IMPLEMENTATION AND interpretation
We can fit a linear regression model now using statsmodels
and print out the model coefficients:
import statsmodels.api as sm
model = sm.OLS.from_formula('rent ~ borough', rentals).fit()
print(model.params)
# Output
Intercept 3327.403751
borough[T.Manhattan] 1811.536627
borough[T.Queens] -811.256430
dtype: float64
In the output, we see two different slopes: one for borough[T.Manhattan]
and one for borough[T.Queens]
, which are the two indicator variables we saw in the X matrix. We can use the intercept and two slopes to construct the following equation to predict rent:
rent = 3327.40 + 1811.54 * borough[T.Manhattan] - 811.26 * borough[T.Queens]
To understand and interpret this equation, we can construct separate equations for each borough:
Equation 1: Brooklyn
When an apartment is located in Brooklyn, both ** borough[T.Manhattan]
and borough[T.Queens]
are equal to 0. Therefore, the equation simplifies to:
rent = 3327.40 + 1811.54 * 0 - 811.26 * 0
rent = 3327.40
In other words, the intercept is the predicted (average) rental price for an apartment in Brooklyn (the reference category).
Equation 2: Manhattan
When an apartment is located in Manhattan, borough[T.Manhattan]
is equal to 1 and borough[T.Queens]
is equal to 0. Therefore, the equation simplifies to:
rent = 3327.40 + 1811.54 * 1 - 811.26 * 0
rent = 3327.40 + 1811.54
rent = 5138.94
We see that the predicted (average) rental price for an apartment in Manhattan is 3327.4 + 1811.5: the intercept (which is the average price in Brooklyn) plus the slope on borough[T.Manhattan]. We can therefore interpret the slope on borough[T.Manhattan] as the difference in average rental price between apartments in Brooklyn (the reference category) and Manhattan.
Equation 3: Queens
When an apartment is located in Queens, borough[T.Manhattan]
is equal to 0 and borough[T.Queens]
is equal to 1. Therefore, the equation simplifies to:
rent = 3327.40 + 1811.54 * 0 - 811.26 * 1
rent = 3327.40 - 811.26
rent = 2516.14
We see that the predicted (average) rental price for an apartment in Queens is 3327.4 - 811.3: the intercept (which is the average price in Brooklyn) plus the slope on borough[T.Queens] (which happens to be negative because Queens apartments are less expensive than Brooklyn apartments). We can therefore interpret the slope on borough[T.Queens] as the difference in average rental price between apartments in Brooklyn (the reference category) and Queens.
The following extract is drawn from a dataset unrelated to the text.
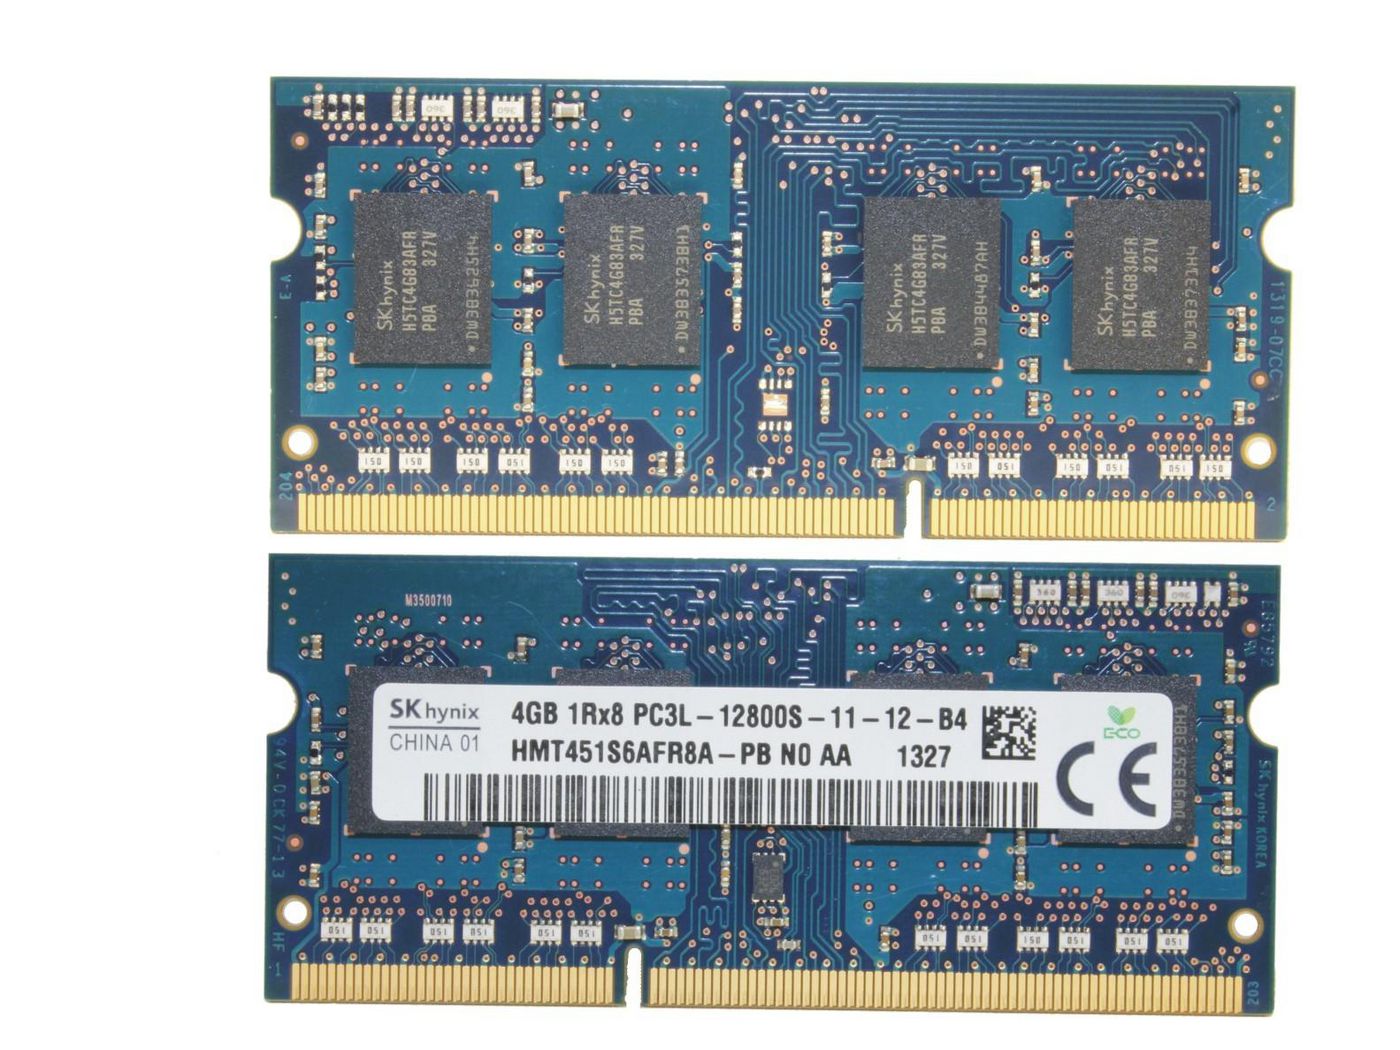 Fujitsu FUJ:CA46212-4911 DDR3 4GB 1600

We can verify our understanding of all these coefficients by printing out the average rental prices by borough:
print(rentals.groupby('borough').mean())
# Output
rent
borough
Brooklyn 3327.40
Manhattan 5138.94
Queens 2516.14
The average prices in each borough come out to the exact same values that we predicted based on the linear regression model! For now, this may seem like an overly complicated way to recover mean rental prices by borough, but it is important to understand how this works in order to build up more complex linear regression models in the future.
CHANGING THE REFERENCE CATEGORY
In the example above, we saw that 'Brooklyn'
was the default reference category (because it comes first alphabetically), but we can easily change the reference category in the model as follows:
model = sm.OLS.from_formula('rent ~ C(borough, Treatment("Manhattan"))', rentals).fit()
print(model.params)
## Output
# Intercept 5138.940379
# C(borough, Treatment("Manhattan"))[T.Brooklyn] -1811.536627
# C(borough, Treatment("Manhattan"))[T.Queens] -2622.793057
# dtype: float64
In this example, the reference category is 'Manhattan'. Therefore, the intercept is the mean rental price in Manhattan, and the other slopes are the mean differences for Brooklyn and Queens in comparison to Manhattan.